Его длинная фигура пронеслась через зал и исчезла в дверях.
Небольсин, тот самый поручик, что в сумерках заходил к ушедшему в караул Родзевичу, засмеялся и, слегка покачав головой, прошел к окну и стал глядеть вниз на освещенное парадное, у которого толпилась праздная, любопытная толпа. Копошилась наводившая порядок полиция. Налаживая инструменты, продували трубы и флейты музыканты, стучали колеса подъезжавших экипажей и звонко топотали подковы коней.

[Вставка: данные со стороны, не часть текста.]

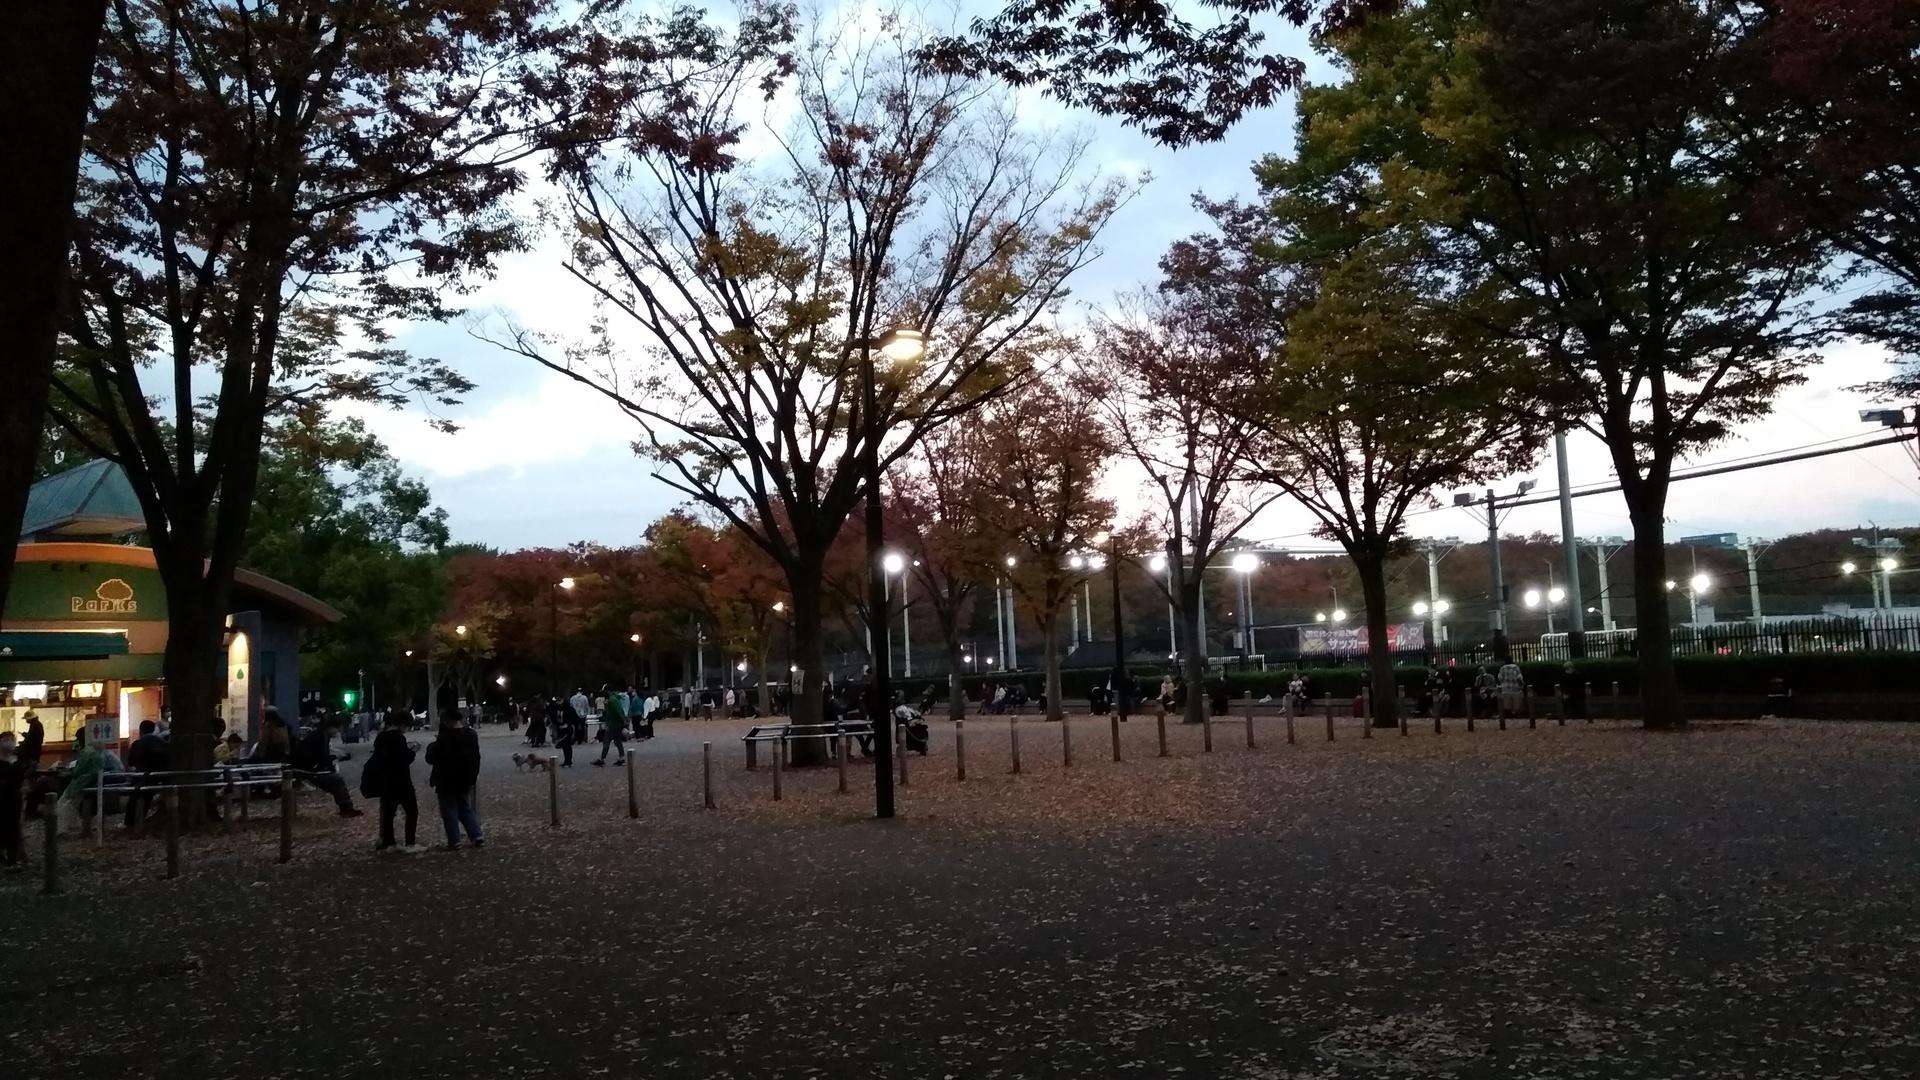 代々木公園 | 港区在住ナミさんのおすすめ観光スポット
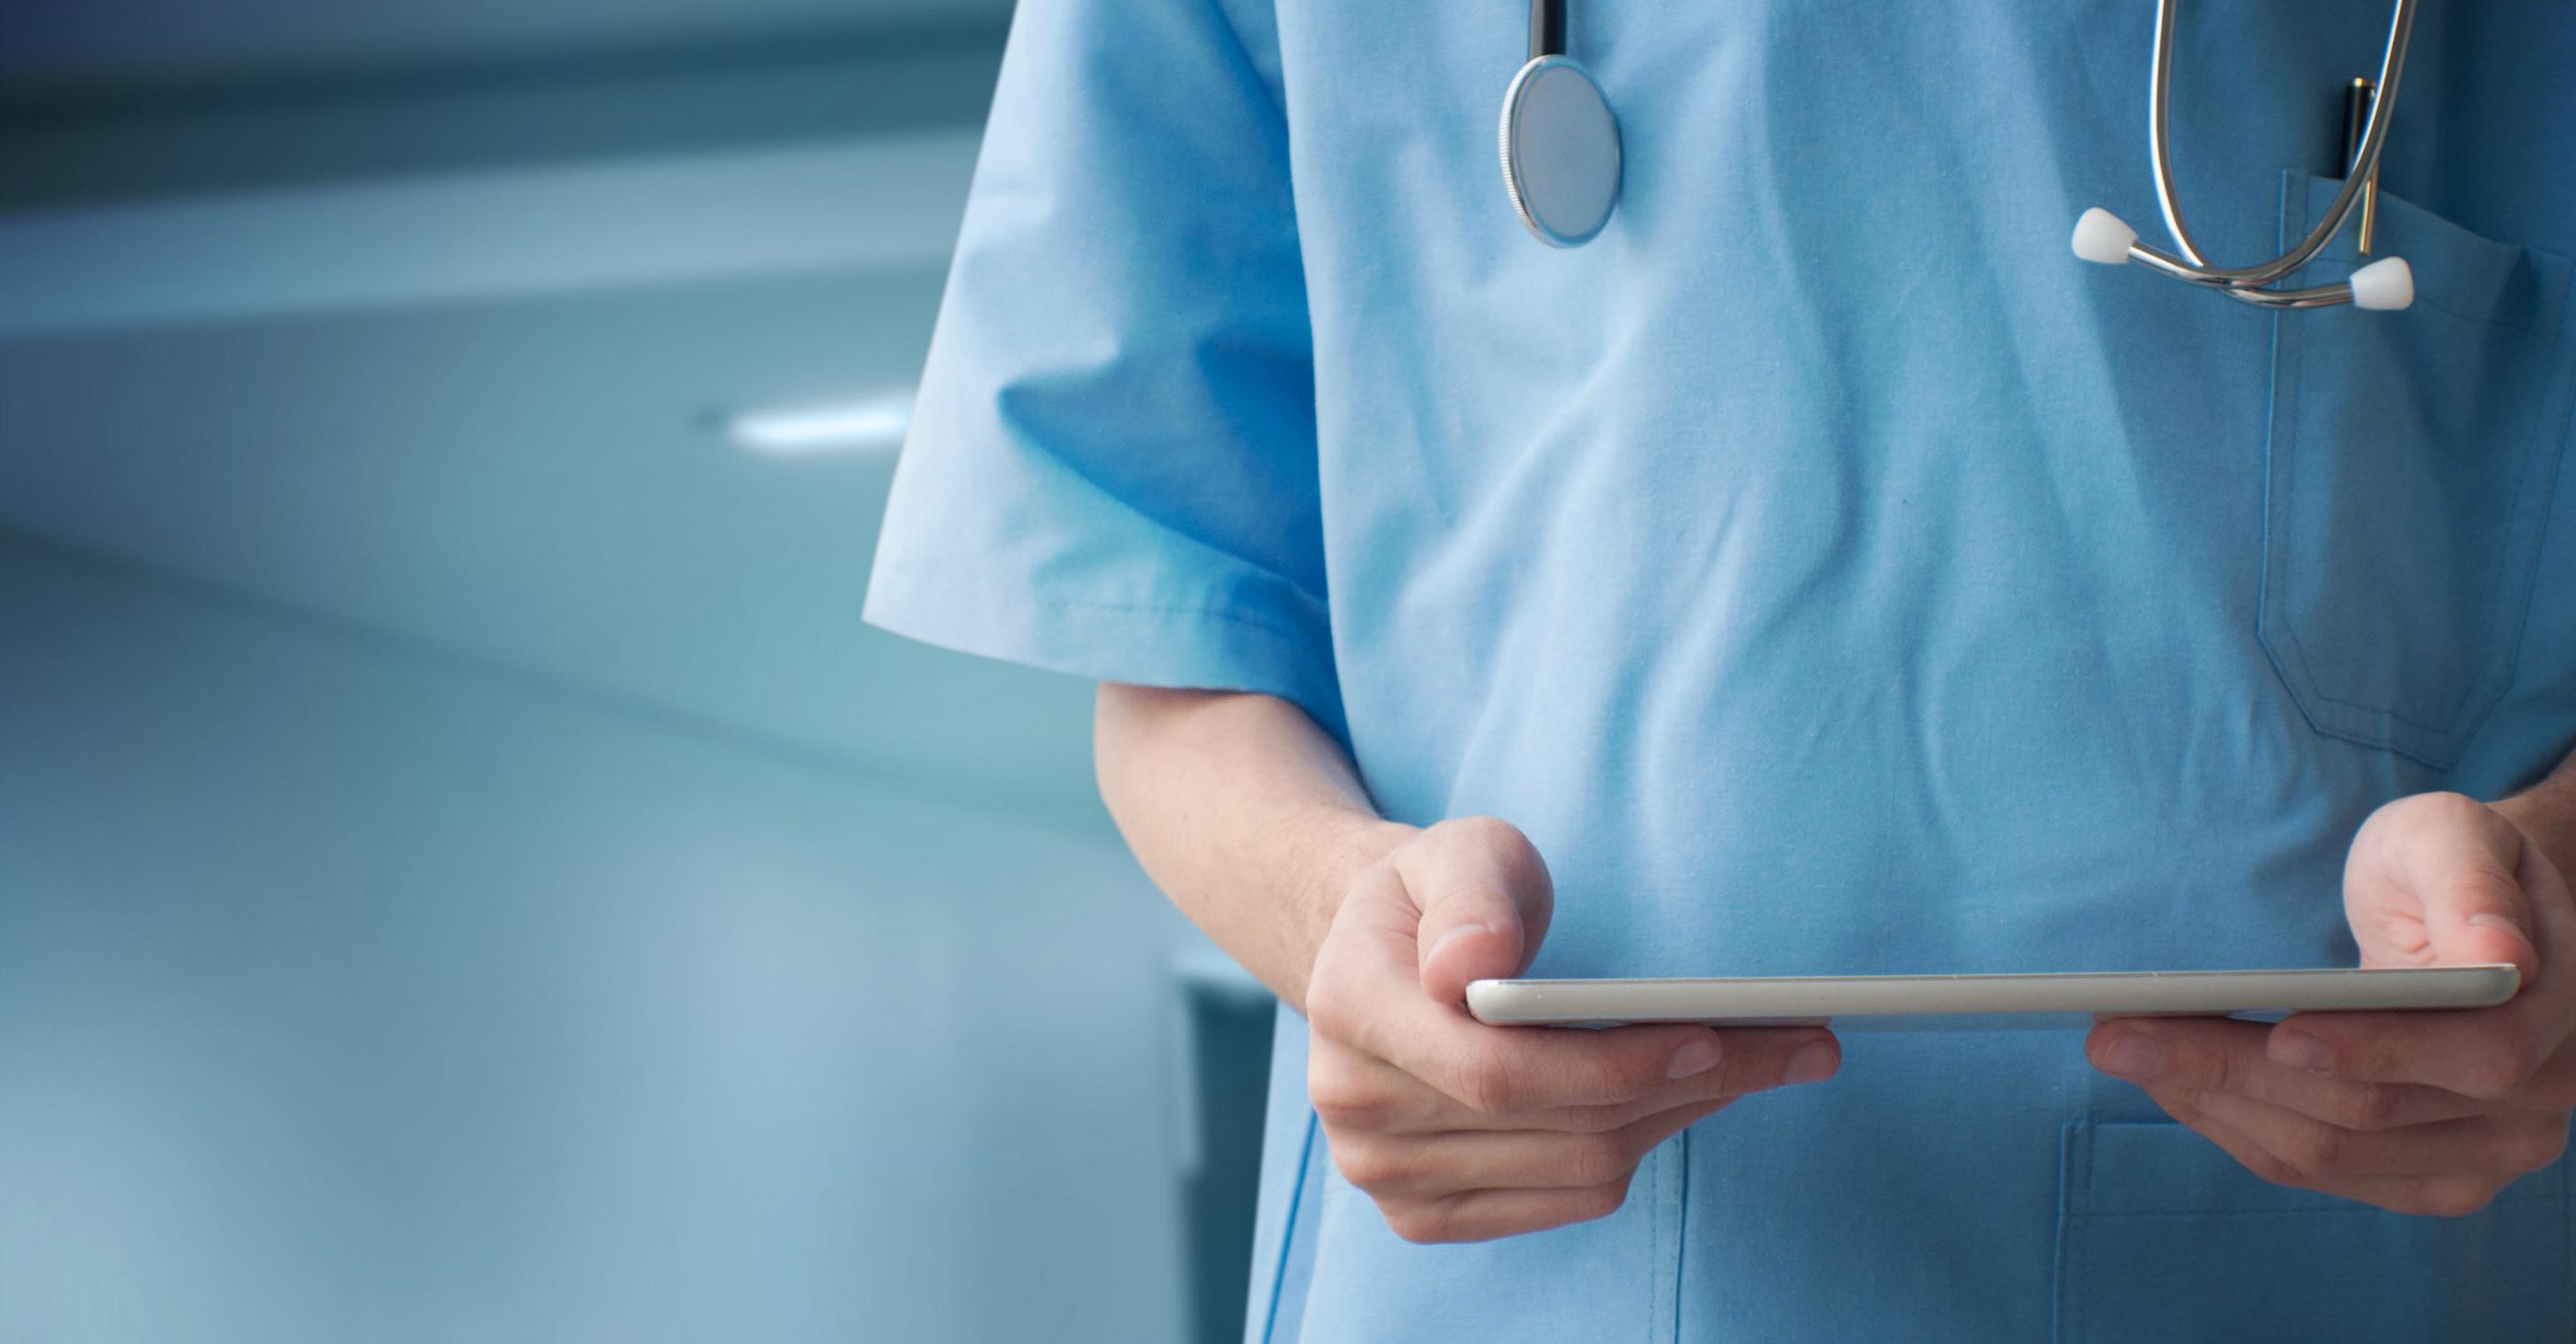 Clínicas de vacina não precisam de registro na Anvisa

Съезд уже начался, и под трепетным светом лампионов и свечей заколыхались широкие поля дамских шляпок, послышались уверенные приближающиеся голоса кавалеров, звон шпор, смех, отдельные возгласы. Съезд начался, и подпоручику Петушкову не было больше основания волноваться.
Глава 6
Сад был странный и необычный. Такой, какого он не видел еще ни разу до сих пор. Круглые и звездчатые газоны с оранжевыми цветами, на которых сидели бабочки с изумрудными головками и веселыми золотыми крылышками. Высокие пальмы гордо разбросали свои мохнатые кроны, над кустами персидской сирени и желтыми чайными розами зеленые пчелы и юркие шмели носились в солнечных бликах, отливаясь радугой золотой пыли. Черный негр, страж таинственного сада, стоял у врат с серебряной алебардой в руках, но когда удивленный Родзевич остановился перед ним, он увидел, что вместо человеческой головы у негра была птичья, с загнутым клювом, слегка напоминающая голову какаду.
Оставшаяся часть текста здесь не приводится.